* YOUR GOAL
Take the whole listing and reproduce it exactly, pictures excepted.

==== DATASET SECTION

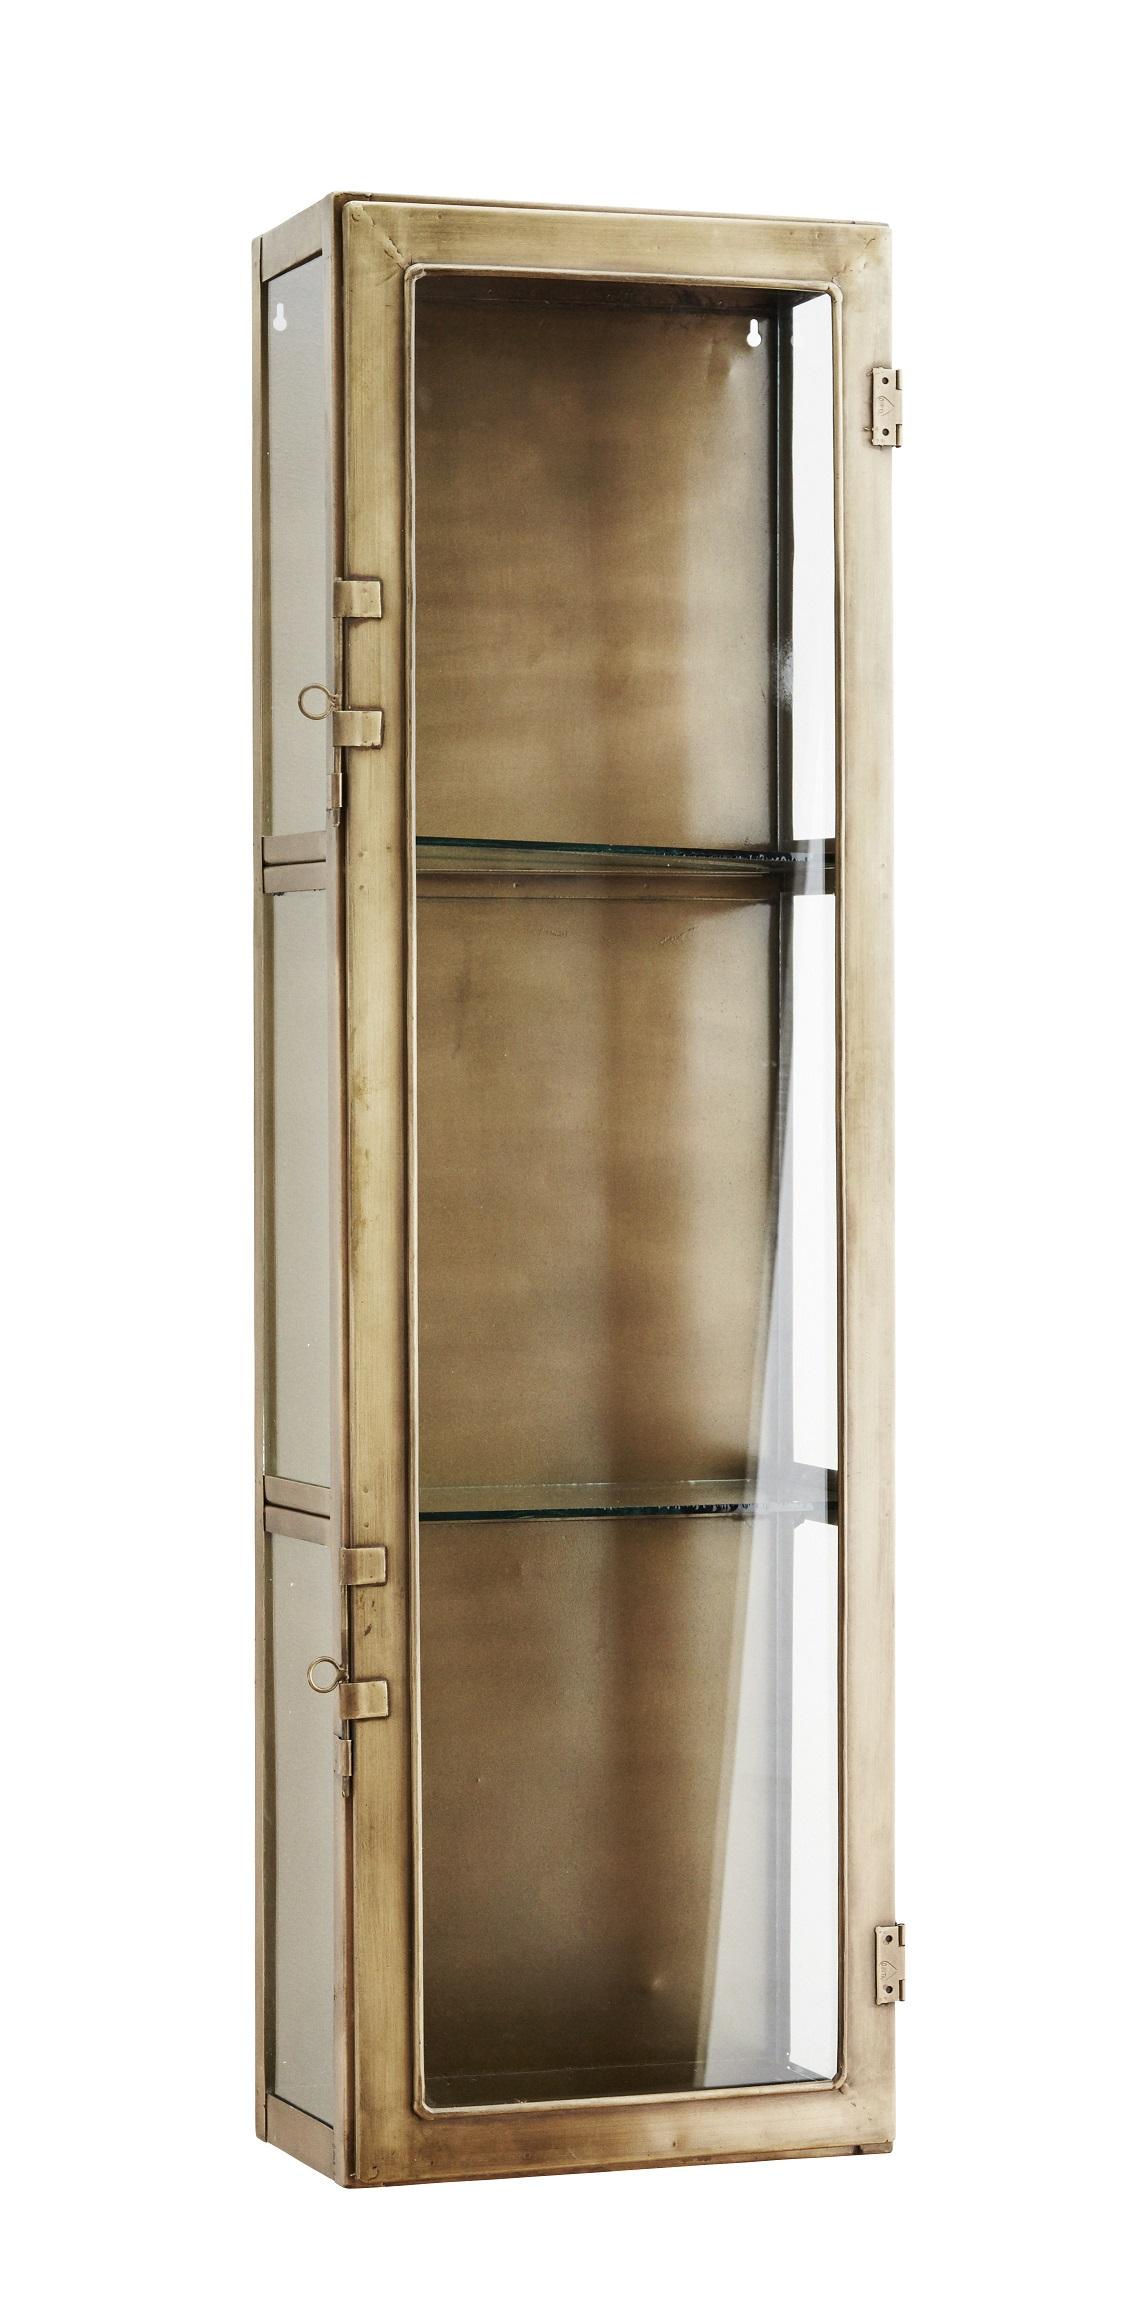 Iron glass shelf vägghylla
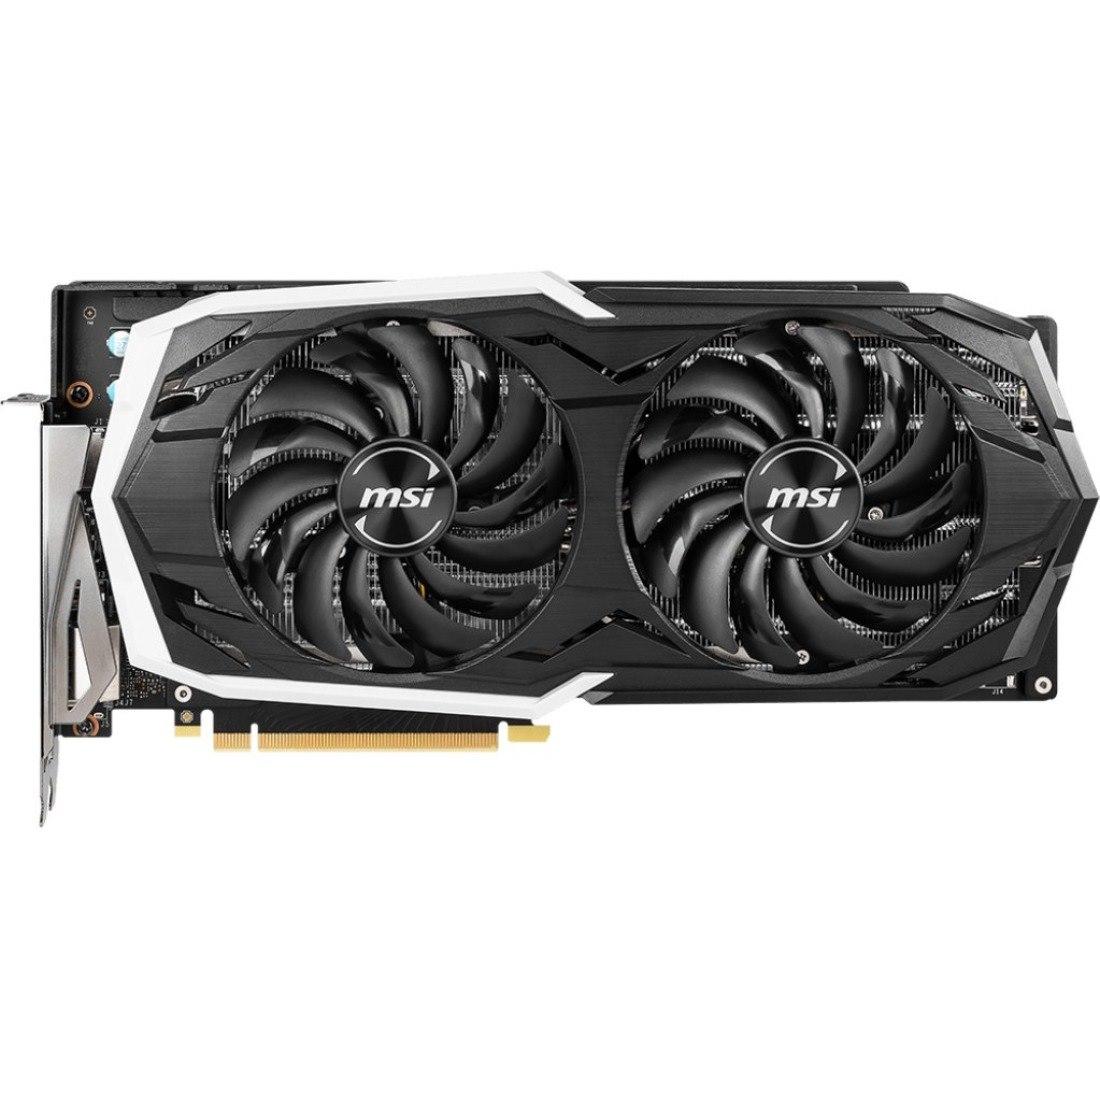 MSI ARMOR RTX 2070 ARMOR 8G GeForce RTX 2070 Graphic Card - 8 GB GDDR6
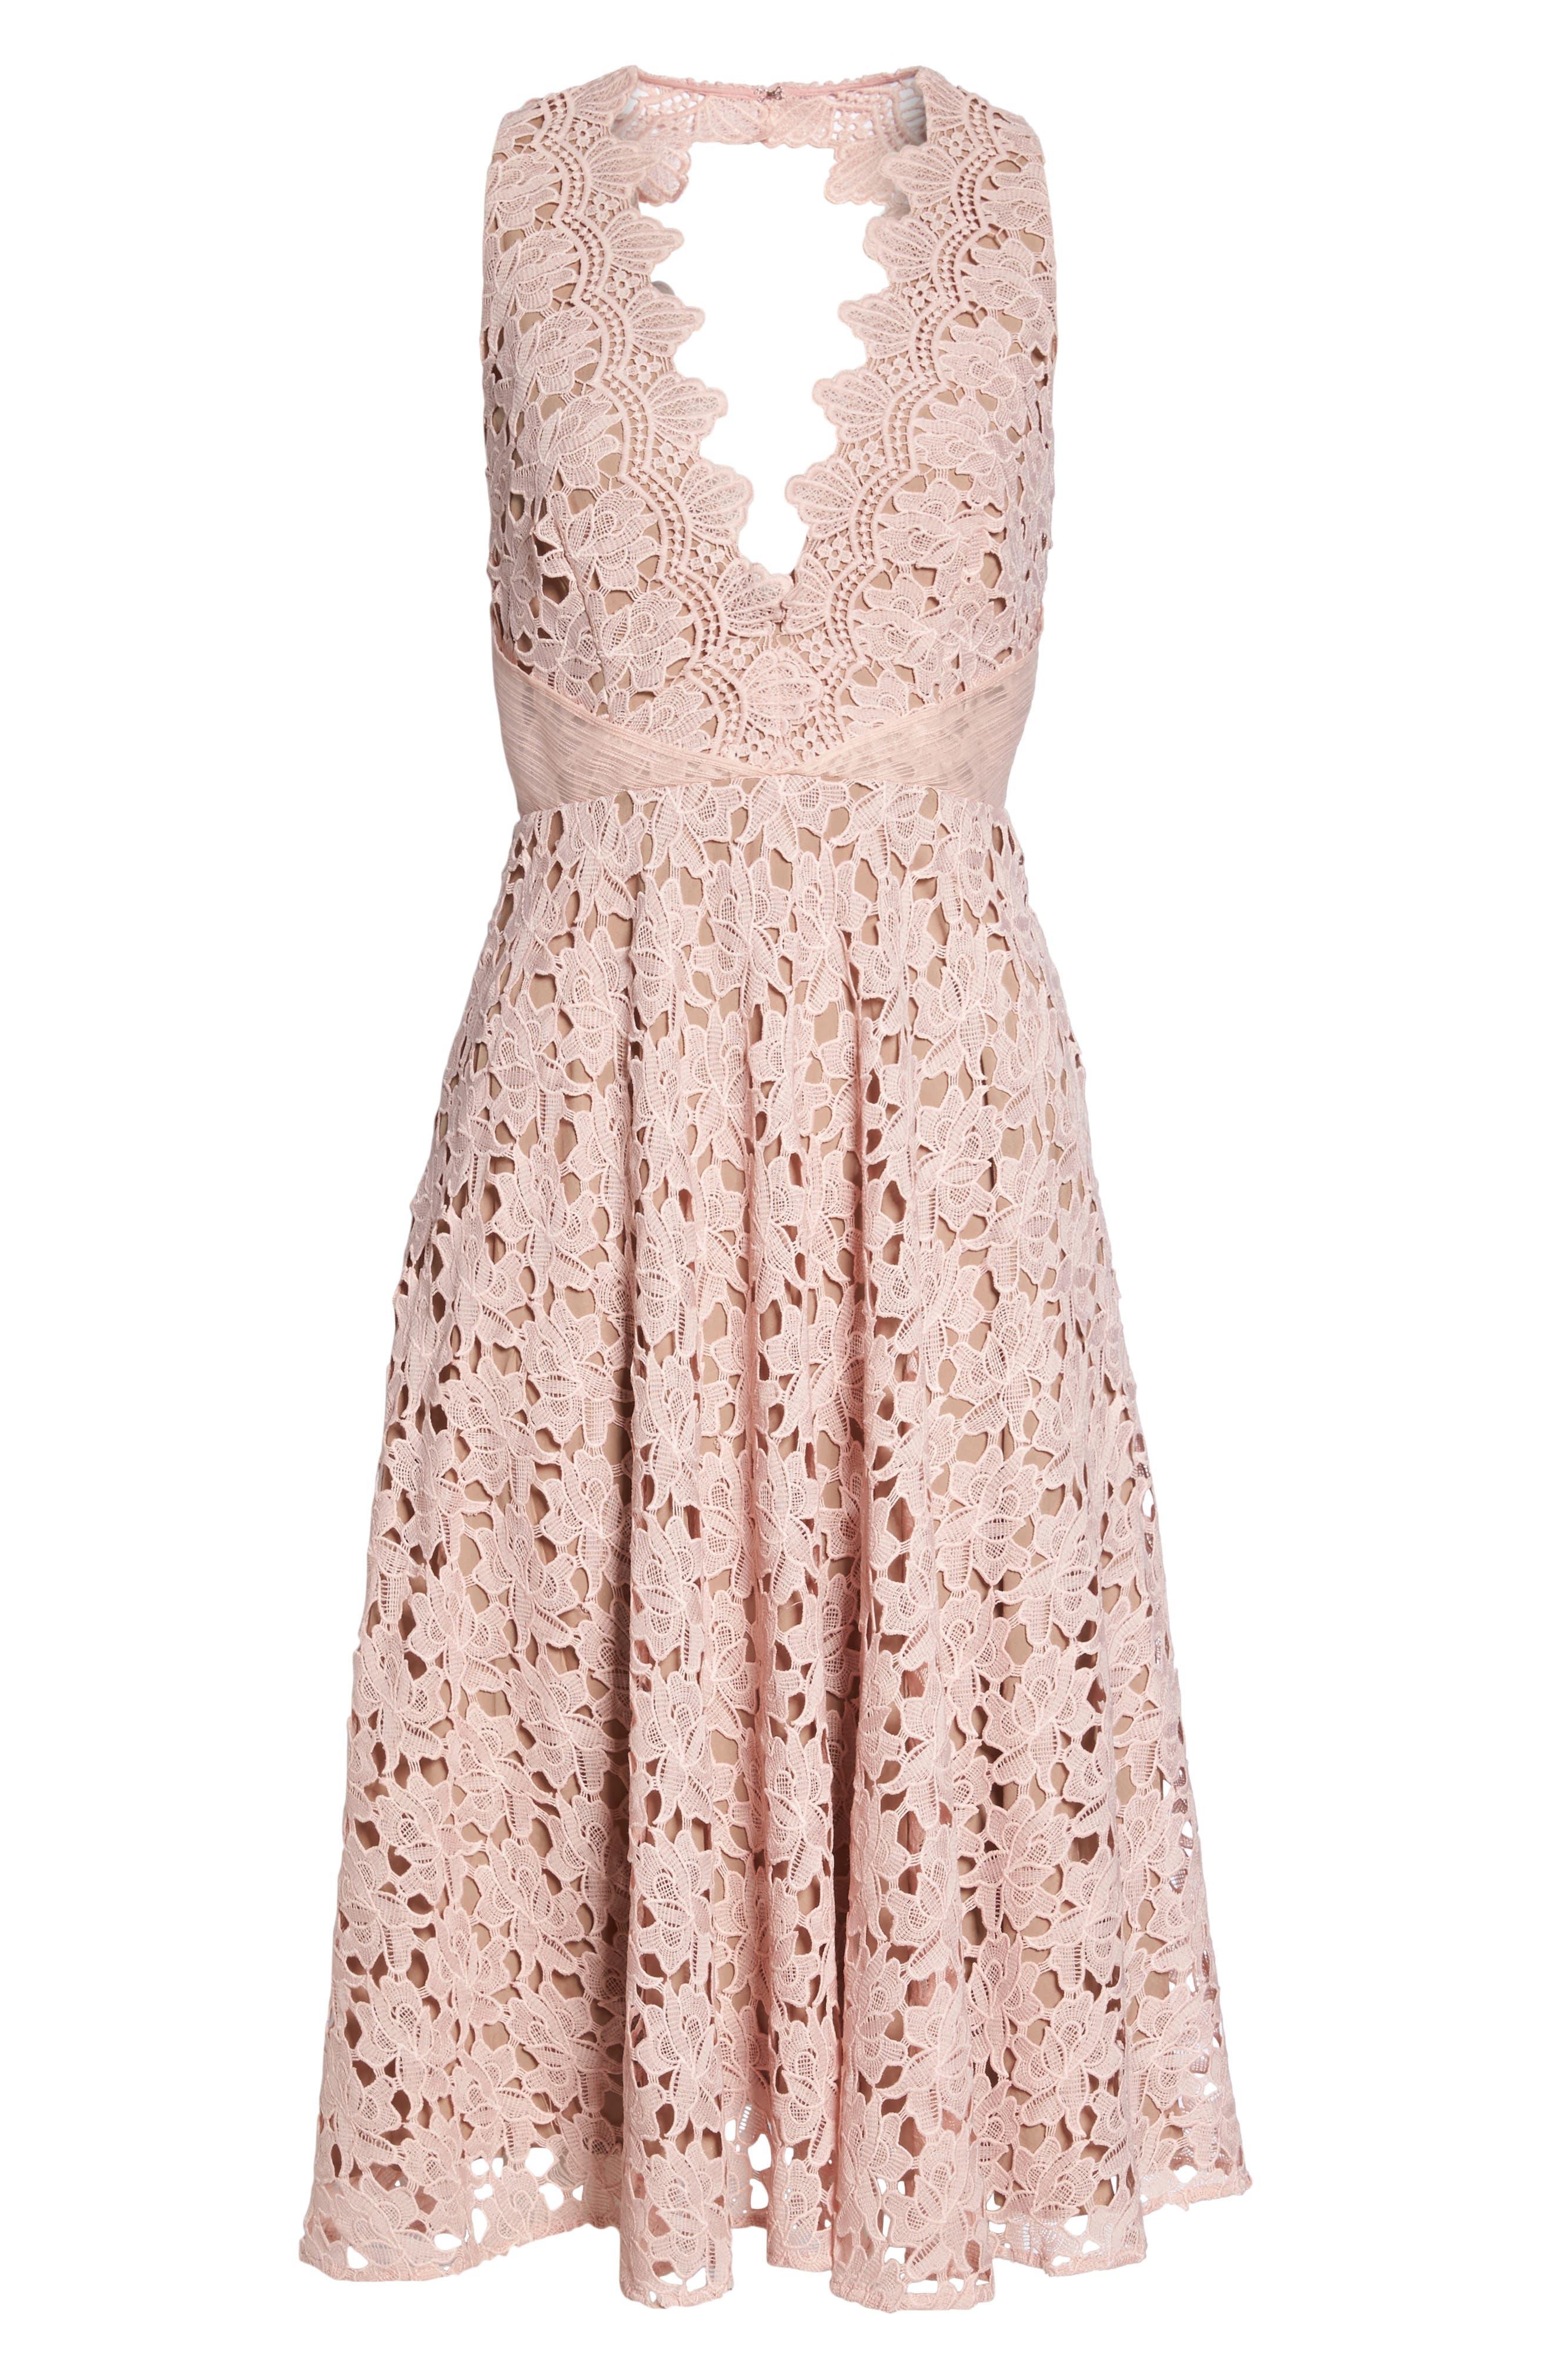 Ashley Guipure Lace Fit & Flare Dress,                             Alternate thumbnail 6, color,                             650

========

* OUTPUT BELOW
 Iron glass shelf vägghylla
 MSI ARMOR RTX 2070 ARMOR 8G GeForce RTX 2070 Graphic Card - 8 GB GDDR6
 Ashley Guipure Lace Fit & Flare Dress,                             Alternate thumbnail 6, color,                             650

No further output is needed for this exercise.